Tunis Sights and Landmarks Guide, Tunisia
Tunisia has been termed as the kaleidoscope nation of Northern Africa. From Mediterranean beaches to the Sahara desert and from ancient souks to modern day malls, Tunisia has it all. This Arab-Berber nation is one of the most liberal in the Islamic world where alcohol is freely available and women need not feel intimidated.
The capital city of Tunis reflects its country’s cultural diversity. Its French colonial past has a far-reaching influence evident even until this day and age. One of the most obvious examples is in its cuisine that is a unique blend of sophisticated French styles with Arab spice. The city’s architecture combines a modern, European-style city of tree-lined avenues with a vibrant, atmospheric medina. The historic Bab el Bahr arched gateway stands sentinel to the main entrance of the medina or the old city. Formerly known as the Porte de Franceis, it is one of its many must see places in the city of Tunis.

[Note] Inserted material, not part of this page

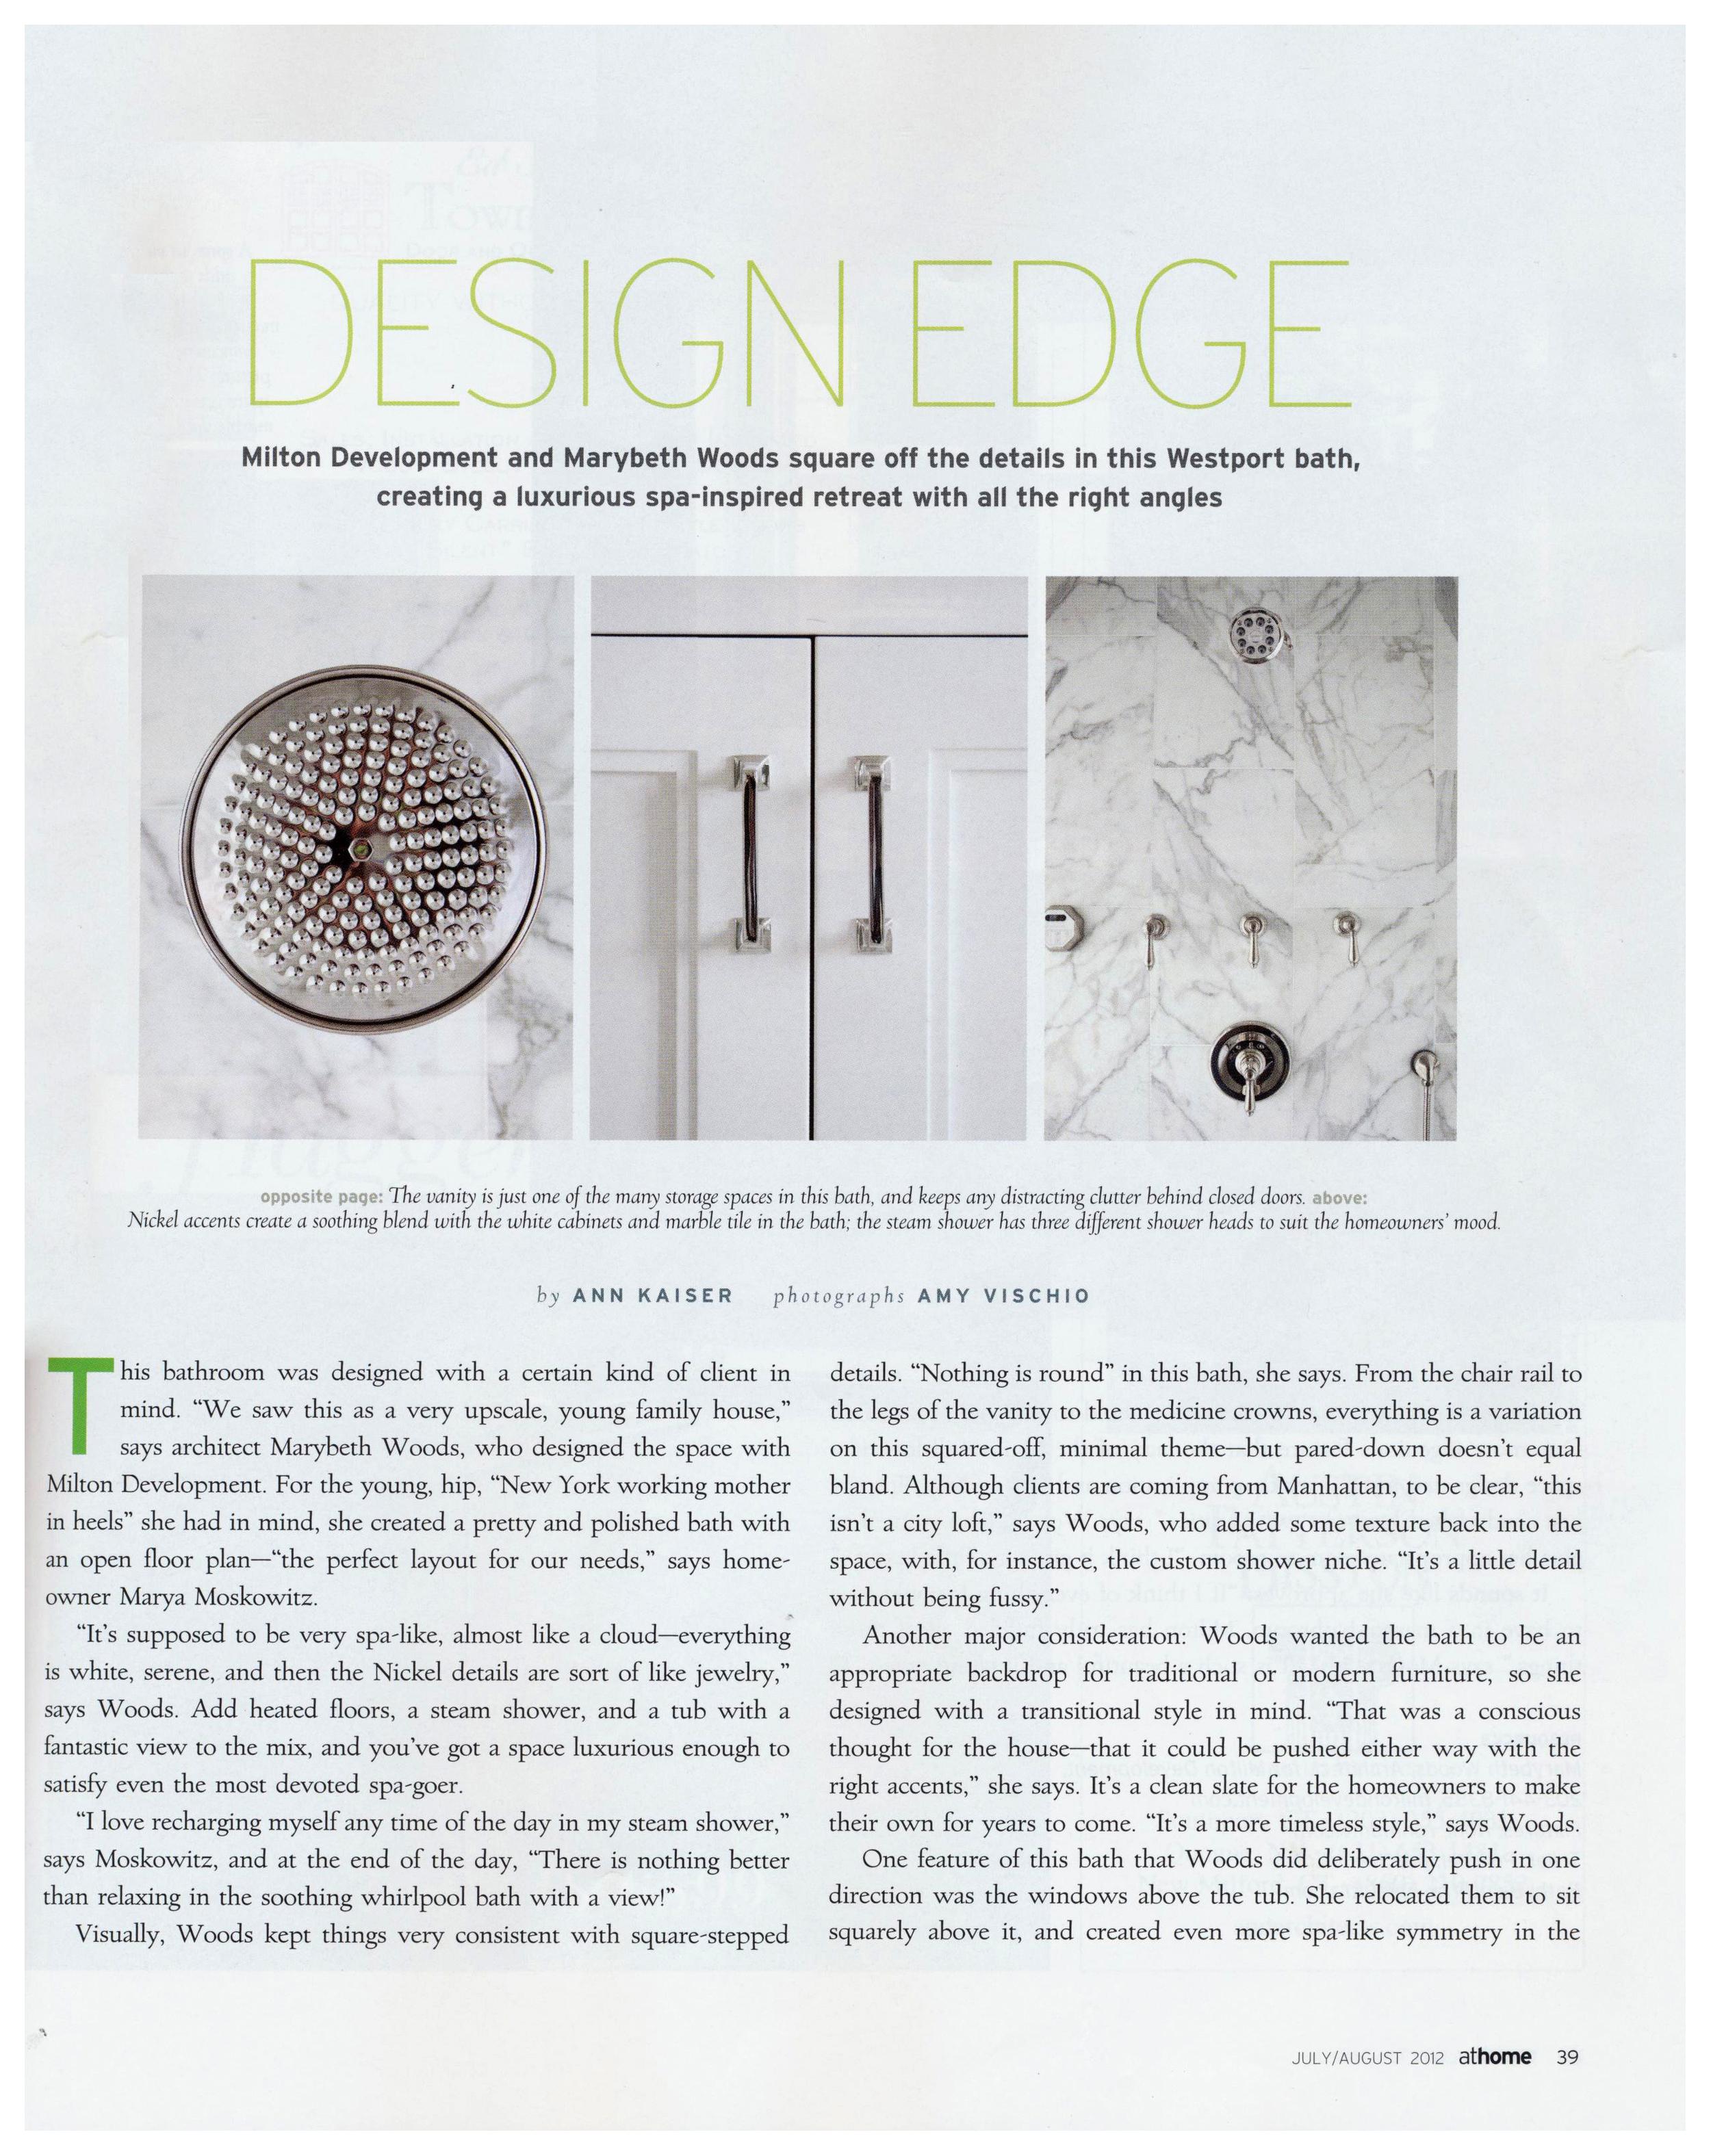 DesignEdgepage 2.jpg

Walking the bustling main thoroughfare and alleyways of the Medina or the old town is like stepping into a 12th and 16th century marketplace. With its colorful and lively flea or street markets, historic sites, and plazas, wandering the narrow, winding streets makes for great adventure into the cultural heritage of the old walled city. Here you can find exquisitely crafted jewelry and ceramics or souks of carpets and perfumes. The Souk el Attarine or the perfume maker’s market is one such place where you can find great bargains on exotic scents and essential oils.
The Zitouna Mosque or the Great Mosque is the major landmark in the city and is the largest mosque in Tunisia. It is also the only mosque in the city, which can be visited by non-Muslims, although access is restricted to a viewing enclosure overlooking a polished marble courtyard.
Another major tourist attraction is the National Bardo Museum which houses one of the world's greatest collections of Roman mosaics. The museum contains an impressive collection of archaeological artifacts from different eras in Tunisia’s rich history. If you are looking for something unique or bizarre, visit the Catacombs under the San Souis Church near Carthage. The cathedral boasts 240 well preserved funerary galleries that make for an interesting and historically enriching visit.
Perhaps the greatest attraction the city can offer is not within the city walls itself. Sixteen kilometers north of the city gates lie the ruins of Carthage. Carthage was a great trading empire covering much of the Mediterranean in the 9th century B.C. It was home to a brilliant civilization that challenged the majesty of Rome and Greece. Carthage was destroyed in 146 B.C. and a second Roman Carthage was then built on the ruins of the first.
To visit Tunis is to revisit history. One can not only see, but actually feel the many cultural and artistic influences from different periods of history. A visit to this wonderful place where old and new coexist in perfect harmony, is a life enriching experience.